__Raw data__:
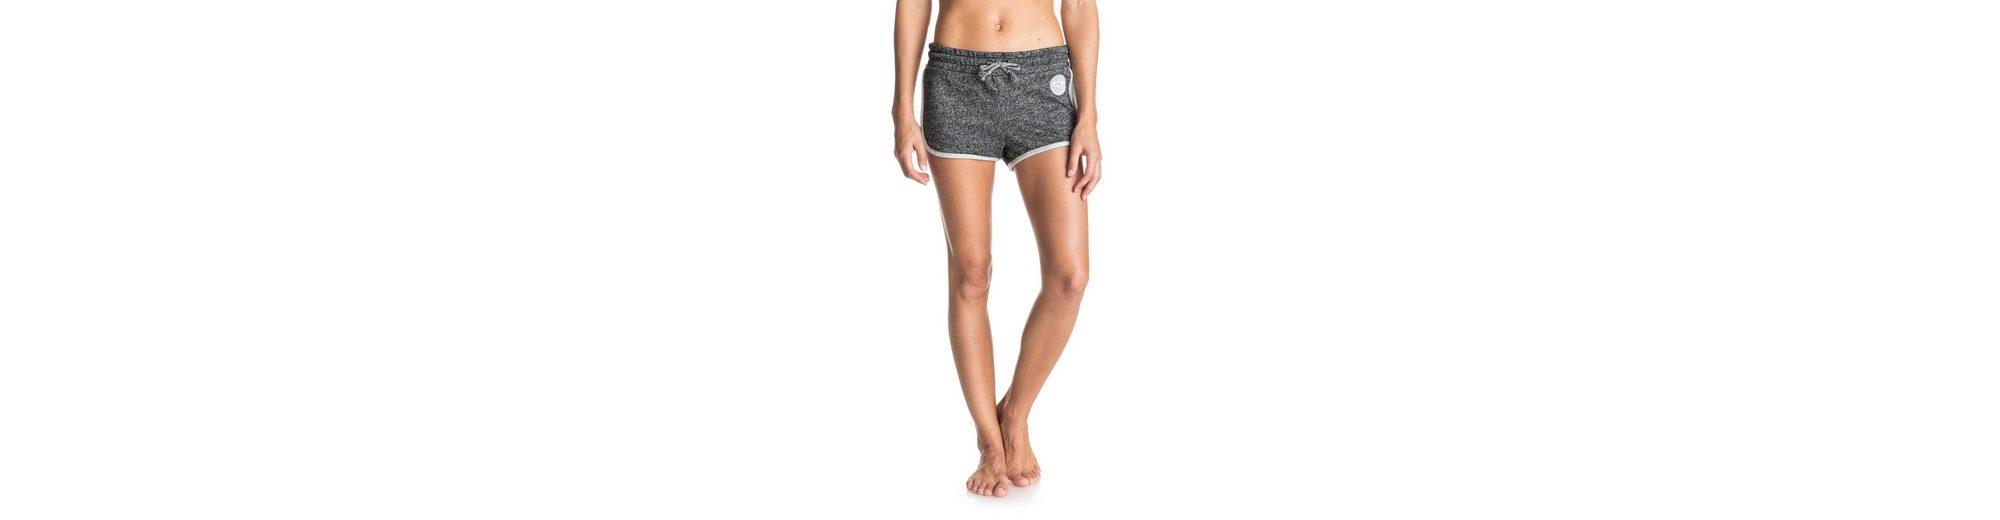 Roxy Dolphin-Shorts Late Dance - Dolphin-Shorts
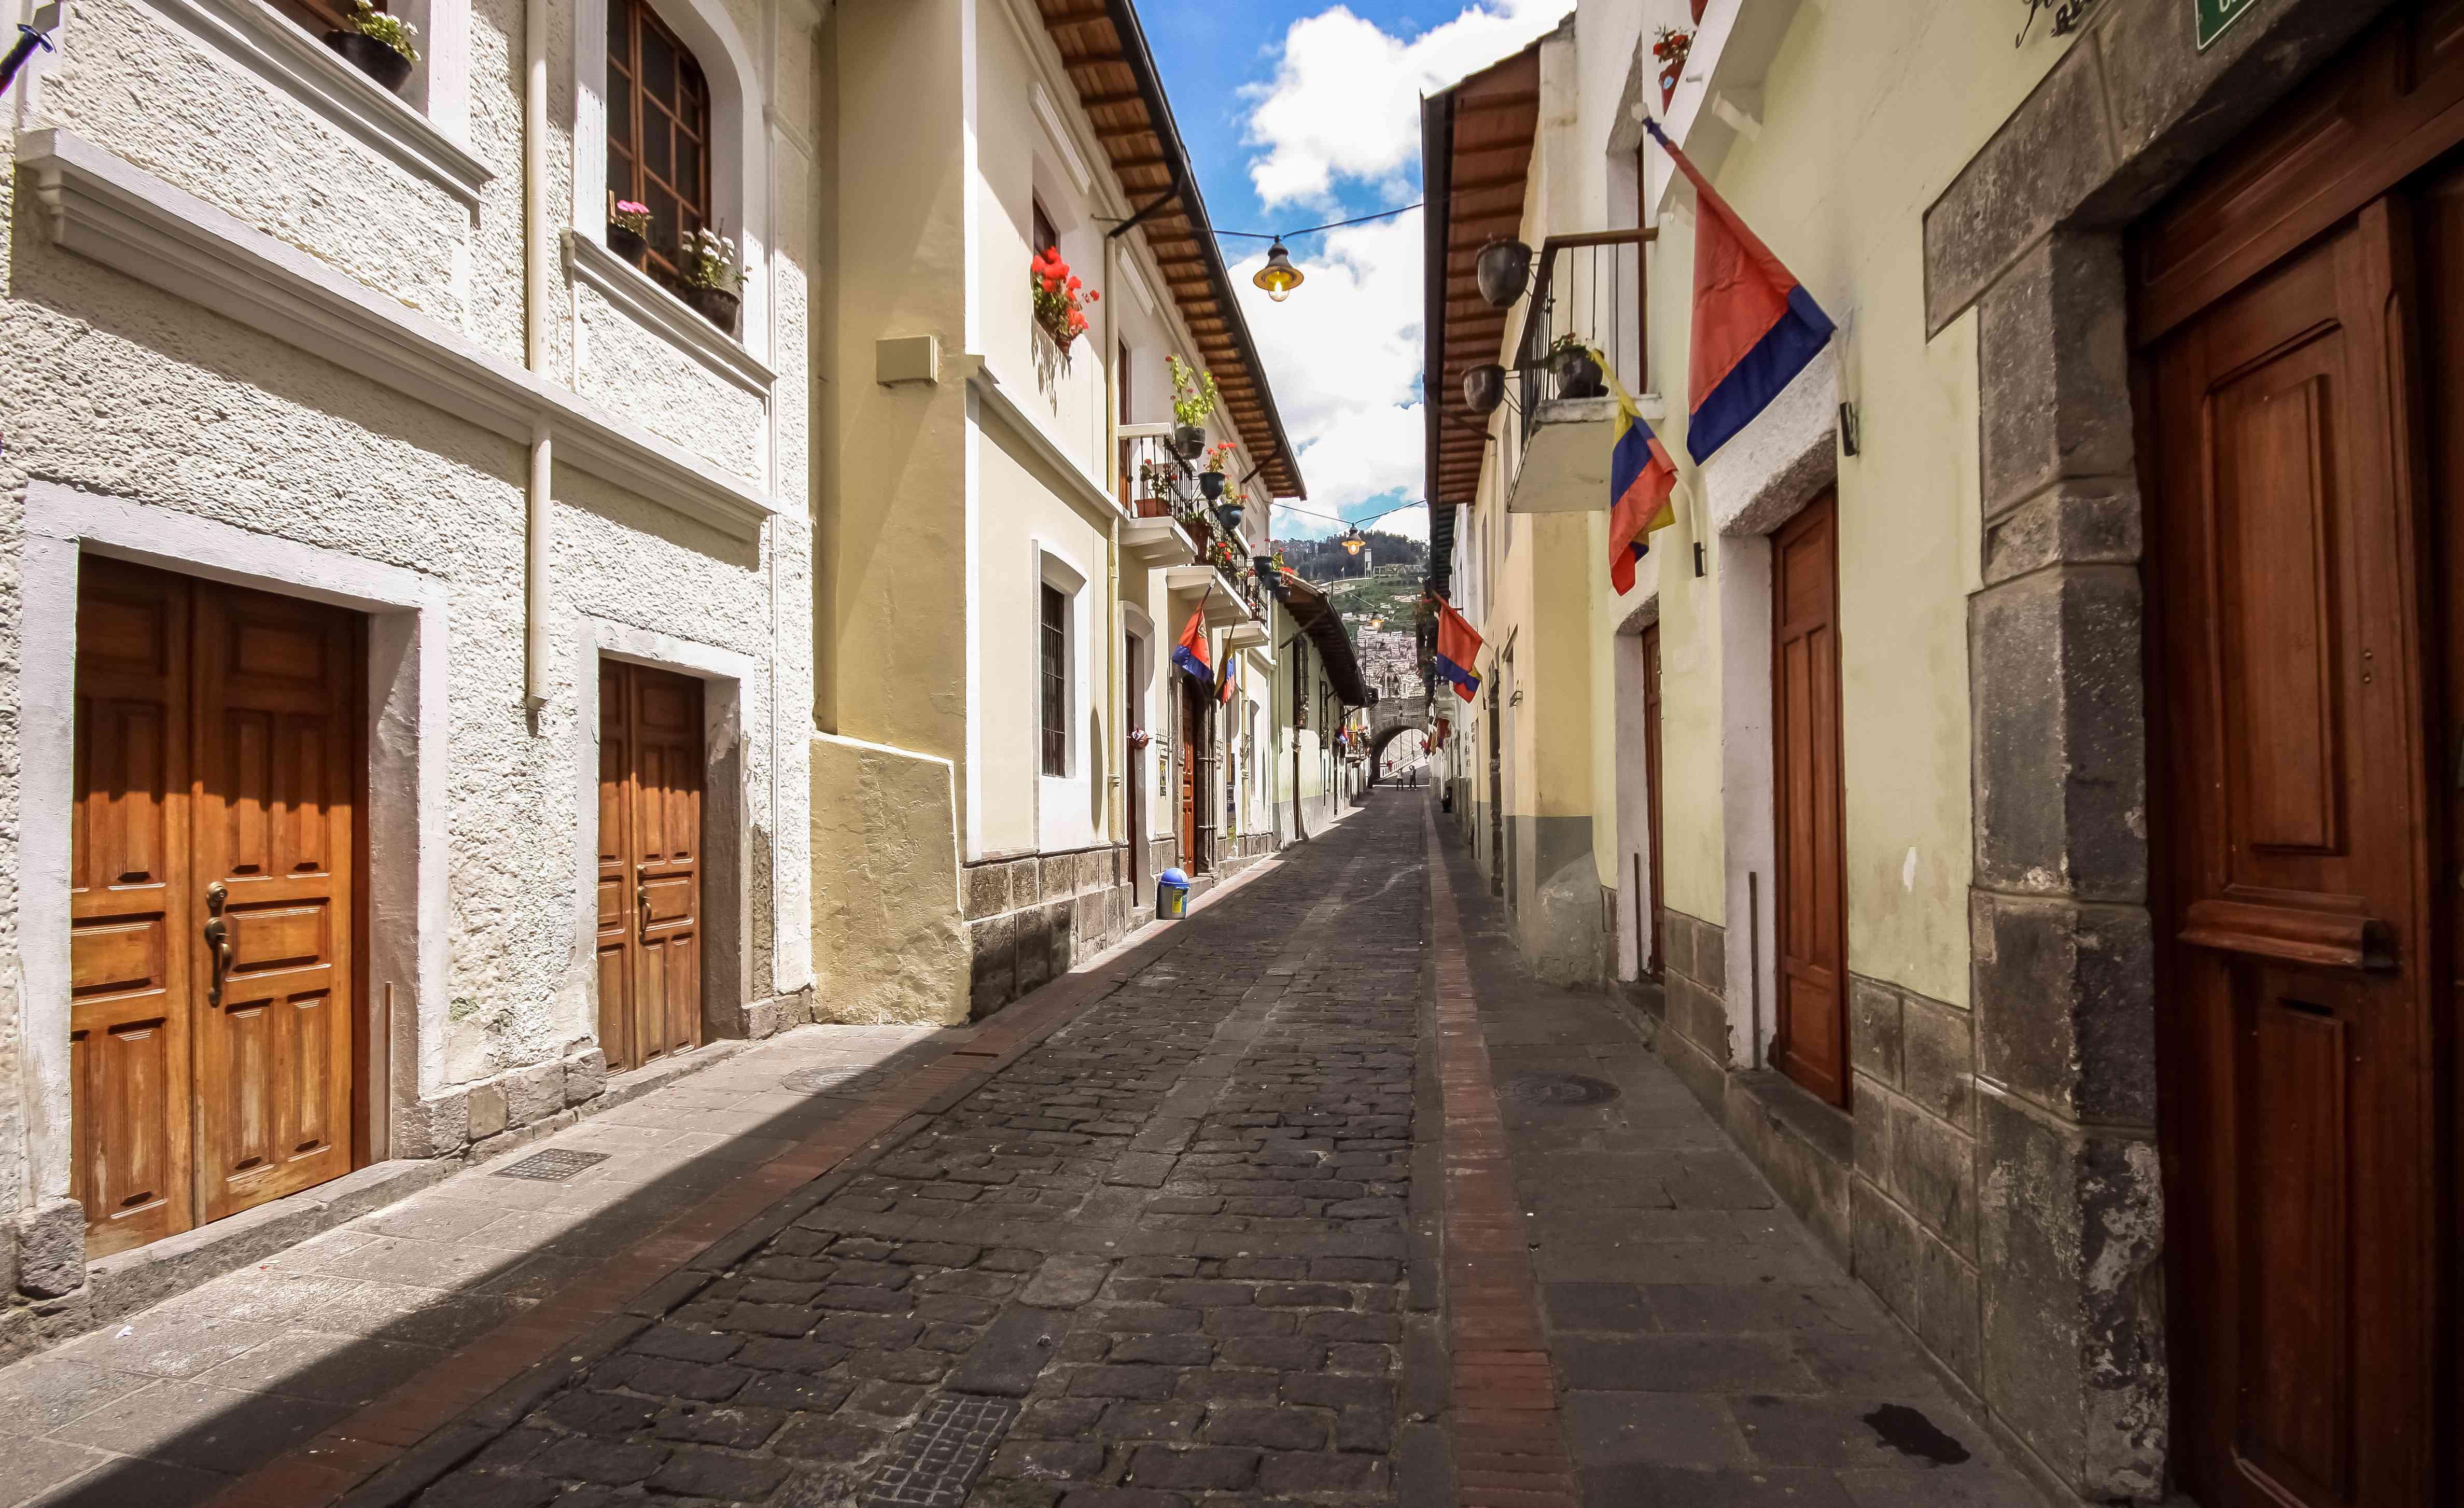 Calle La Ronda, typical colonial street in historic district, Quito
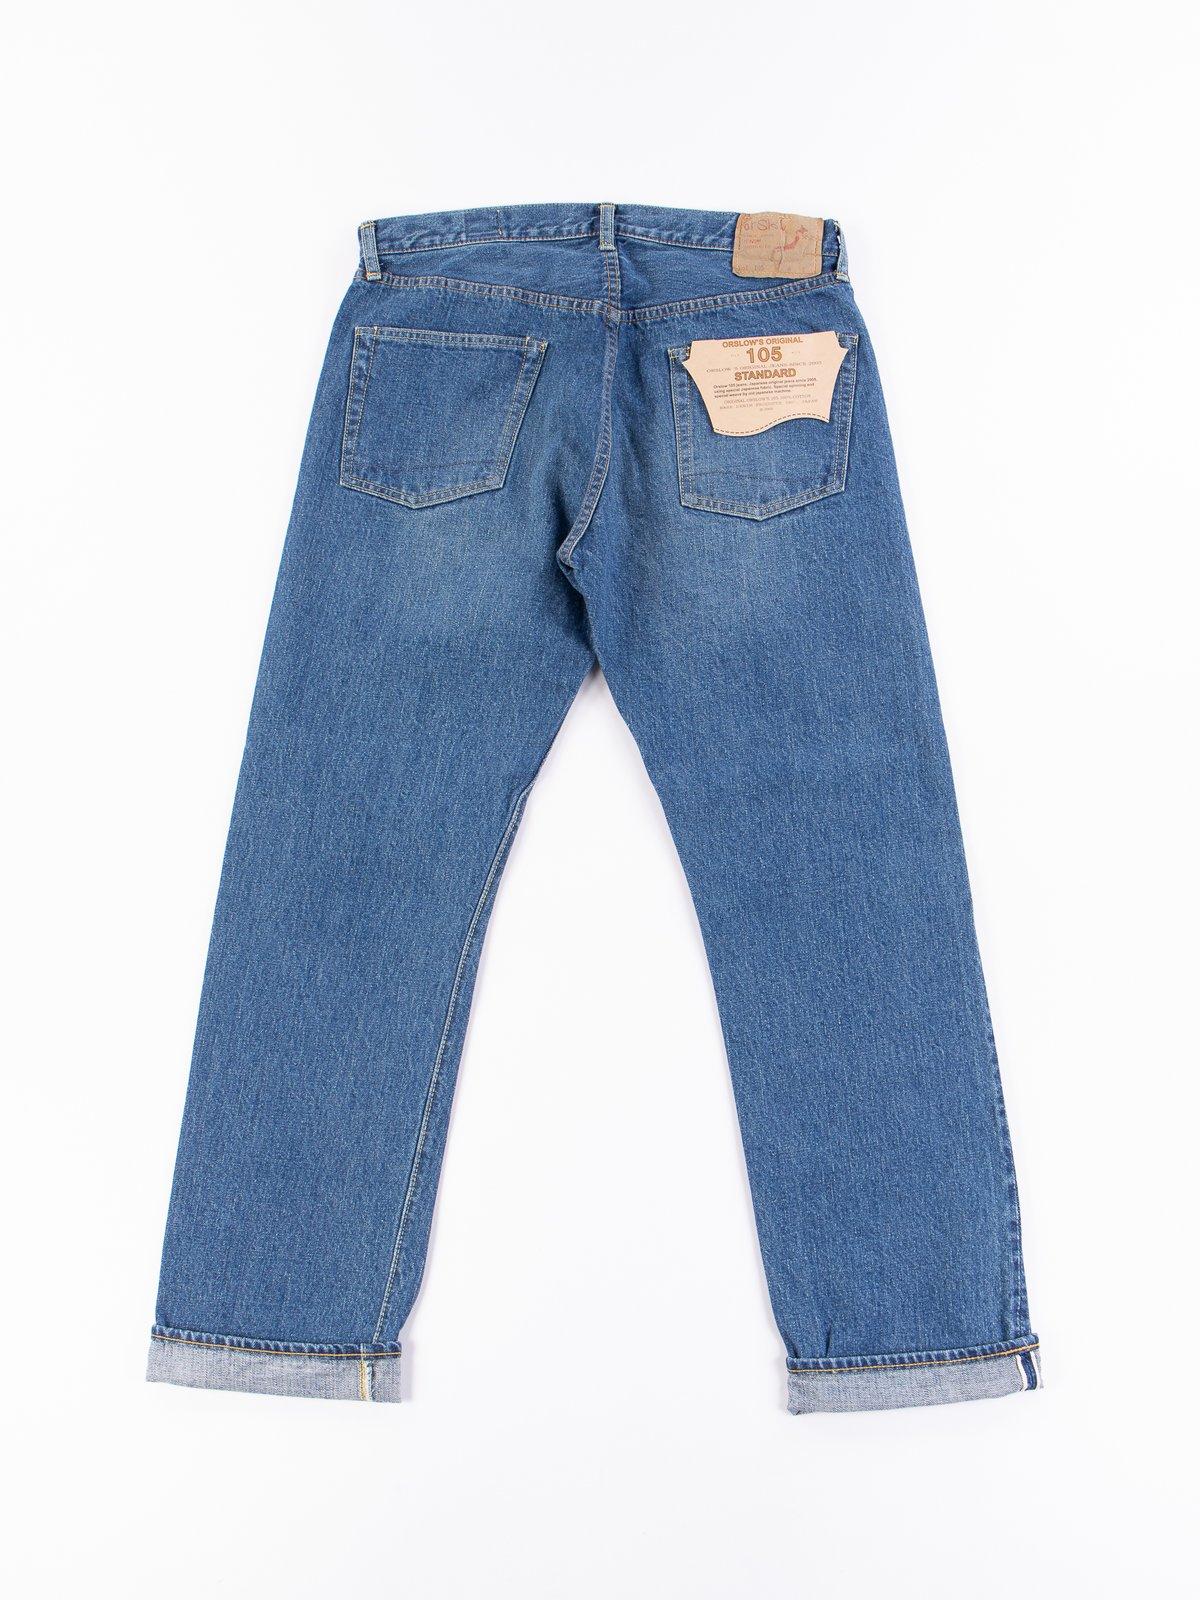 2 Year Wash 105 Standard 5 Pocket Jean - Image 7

__Your instructions__: Restate the material above exactly. Exclude all pictures.

__Answer section__:
 Roxy Dolphin-Shorts Late Dance - Dolphin-Shorts
 Calle La Ronda, typical colonial street in historic district, Quito
 2 Year Wash 105 Standard 5 Pocket Jean - Image 7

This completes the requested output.